Traditionally, a number of American dioceses rejected cathedrals as representative of royal and aristocratic power, not appropriate in a democracy. In the last few years, nearly every diocese has moved to name a cathedral. However, I am personally unsure as to what a cathedral should be in our culture and our church as we enter the second millenium. Thus I propose to name a committee of twelve people, three of whom will be named by the rector and vestry of St. Paul’s, Savannah (to reflect their working experiences last year) to report to our next diocesan convention on how a cathedral might enhance our ministry together as the Diocese of Georgia.

If you had the opportunity to watch the procession at my ordination as bishop, you saw something of the wonderful richness, diversity and plurality of the Episcopal Church. If you thought about that diversity much, you realize that a good bit of it has been there for a long, long time. But God has played a wonderful surprise – and he is a God of surprises – on us. For many years we presented ourselves as the form of Christianity that developed in the Anglo-Saxon culture of England. We saw ourselves basically as a church of Anglo-Saxons. Not by any intention on our part we have discovered ourselves as a church with a Gospel that has attracted people from every tribe and nation, and we have been enriched by the the wonderful richness of people of all kinds of ethnic and cultural backgrounds. Being true to this diversity that God has given us, requires us to be more tolerant and to spend more time listening to people from other backgrounds. The positive part of this is that it makes us a wonderful picture to the world of trust and love between peoples without requiring they give up the richness of their culture of origin. To put this another way, Tudor English is very appropriate for some of us, but it cannot be the basis of our religion. Christ has called us into a family with all kinds of his brothers and sisters.

Finally, I really want to say that I think, and believe, and commit my life to the fact that we Episcopalians, although we are not the only Christians (and we are very thankful for the witness of many of our brothers and sisters in other denominations here in our area of Georgia), have a particularly rich and wonderful understanding of Jesus Christ and what it means to be his follower. And I want to see us offer that to those around us who are looking for meaning and healing in their lives.
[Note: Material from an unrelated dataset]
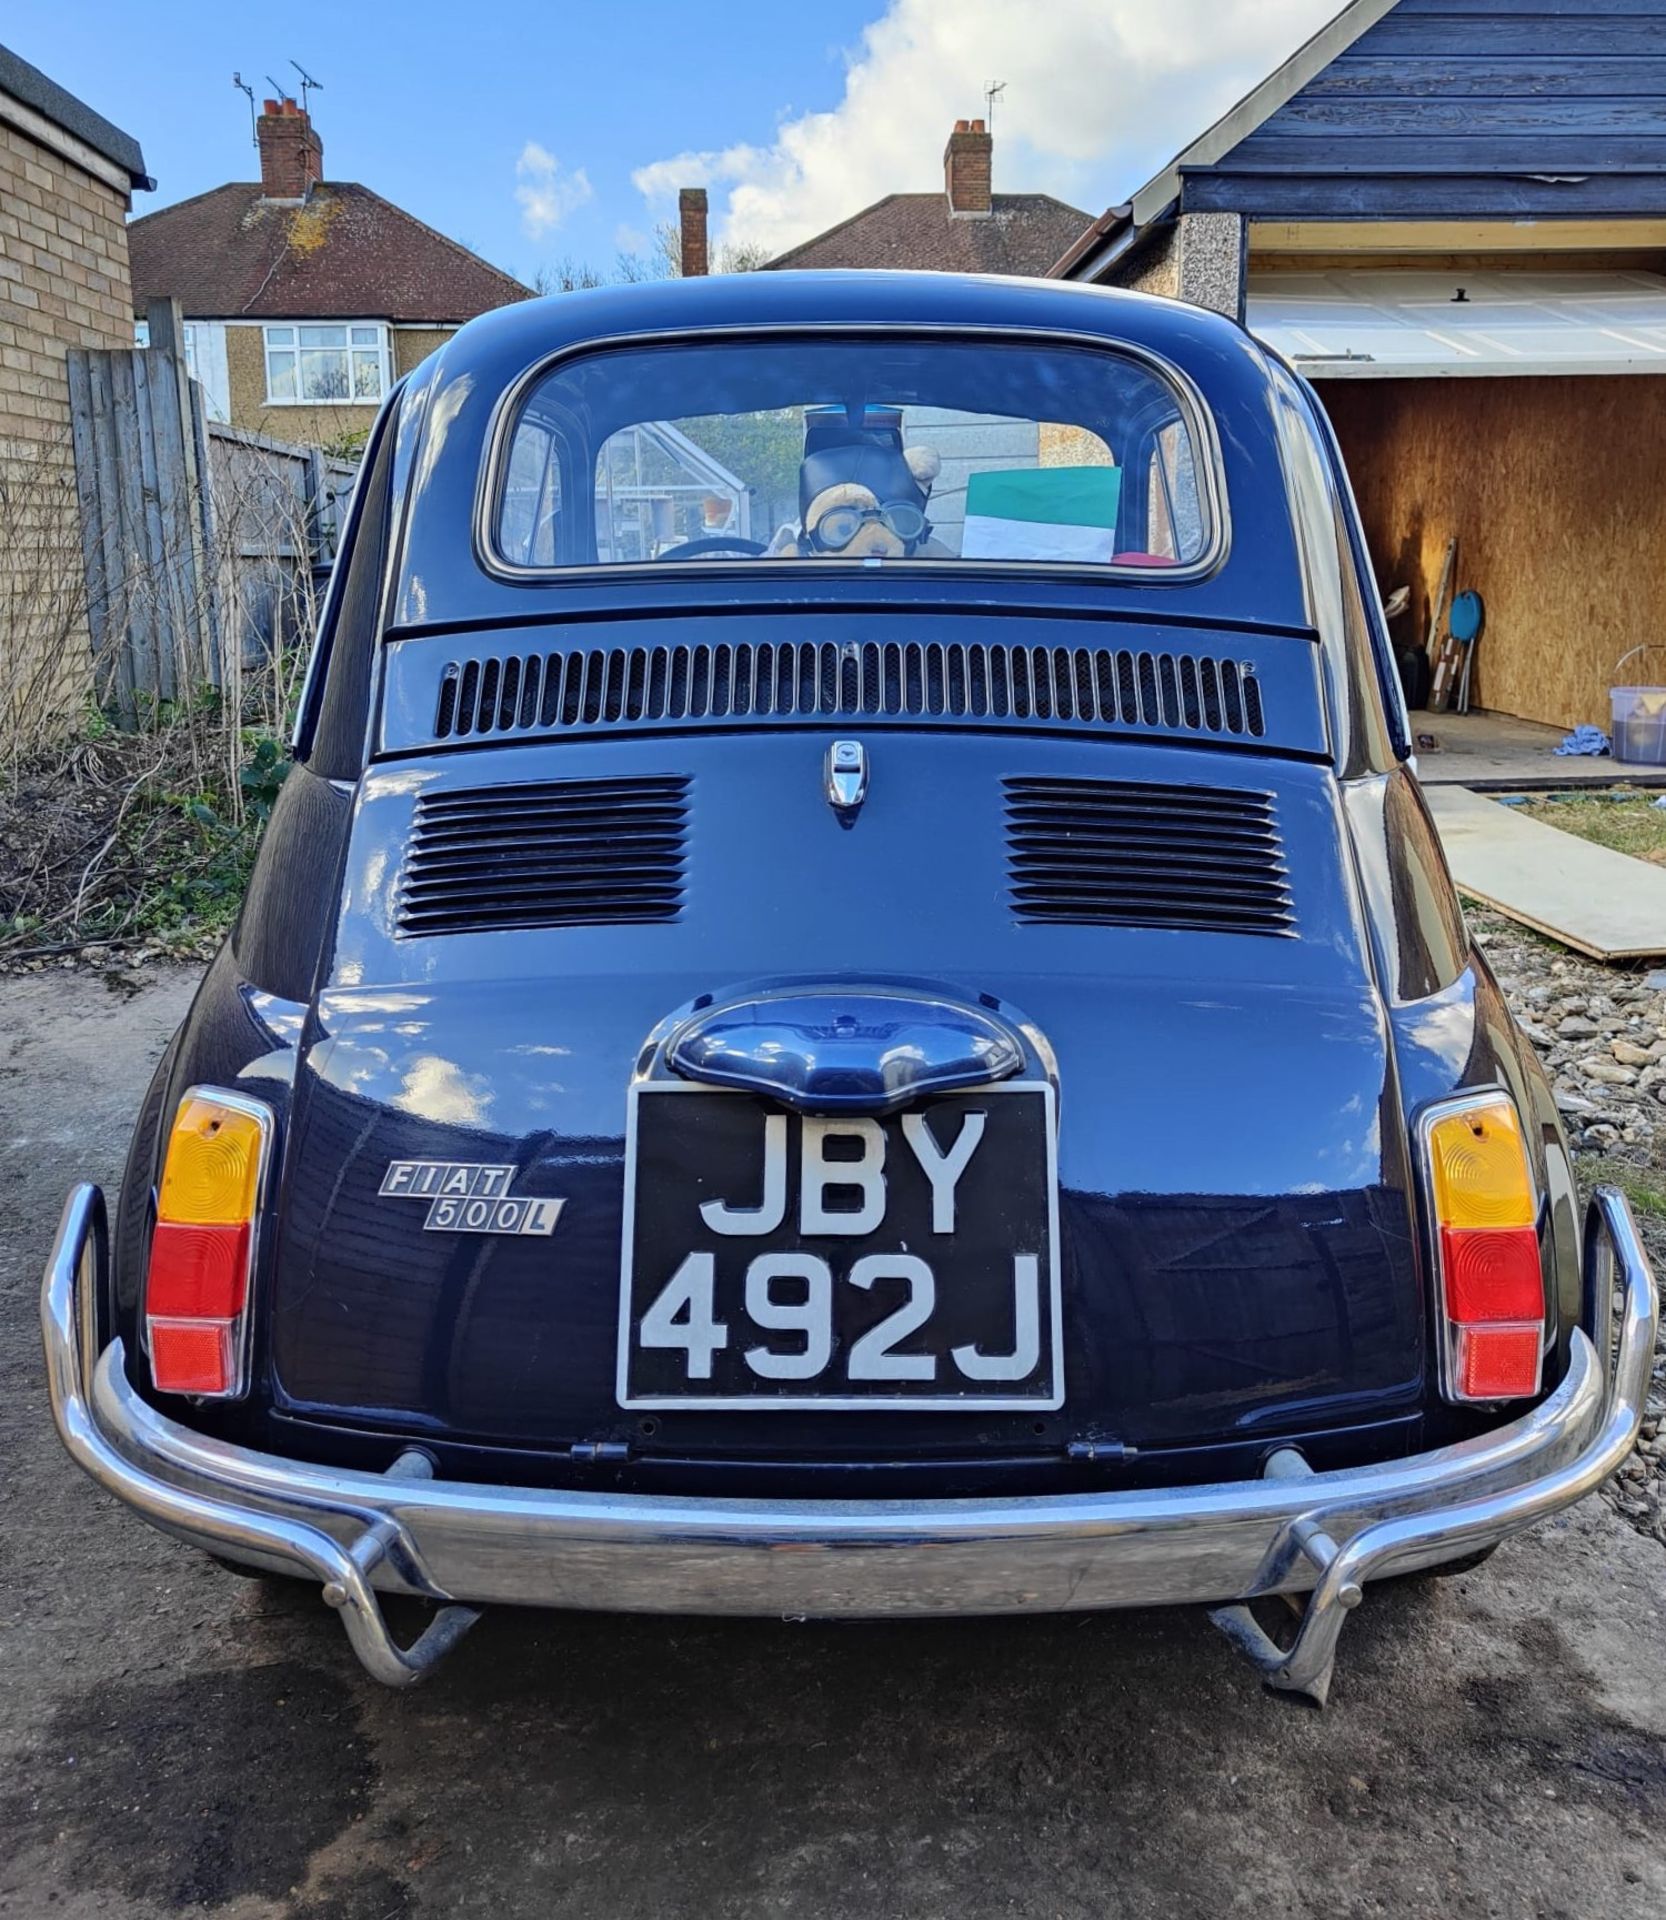 1971 FIAT 500L SALOON Registration Number: JBY 492J Chassis Number: TBA Recorded Mileage: 40,300 - Image 5 of 13

Of course there are some crazy Episcopalians, both in our diocese and in other parts of the world, saying all kinds of things that we don’t agree with. But our task is not to make sure that everybody is right everywhere, our task is to show forth God’s love in our lives and in our communities. Historically in the United States, the Episcopal Church was the alternative to “revivalism” or religion that was motivated heavily by emotionalism. The drawback to this was that we, worried about manipulation, often did not take into account the need for human beings to have enthusiasm – emotional energy or love, if you will – to go along with their reasoned understanding of the faith. On the other hand, we held up a view of the faith that allowed people to use their minds, respected individuals and respected individuality. I would suggest that we still have a lot to offer in the spectrum of Christian communities which represent Christ in Georgia. God has given us 16,000 ministers with incredible skills, gifts, and talents. Our primary purpose must be to help people recognize that, through their baptism, they are empowered and energized to respond to God’s call by using their gifts in Christ’s works of reconciliation. We have to pray that God will give us the ability and energy to accept the people he is sending to us for our nurture. I know you, the members of the Episcopal Church In Georgia, have enriched my life and greatly increased my wonder at God’s gifts and love. I believe we can do that for many others and I ask you to join me in praying for God’s grace and for that kind of trust in him which will allow us to go into the future and make it his.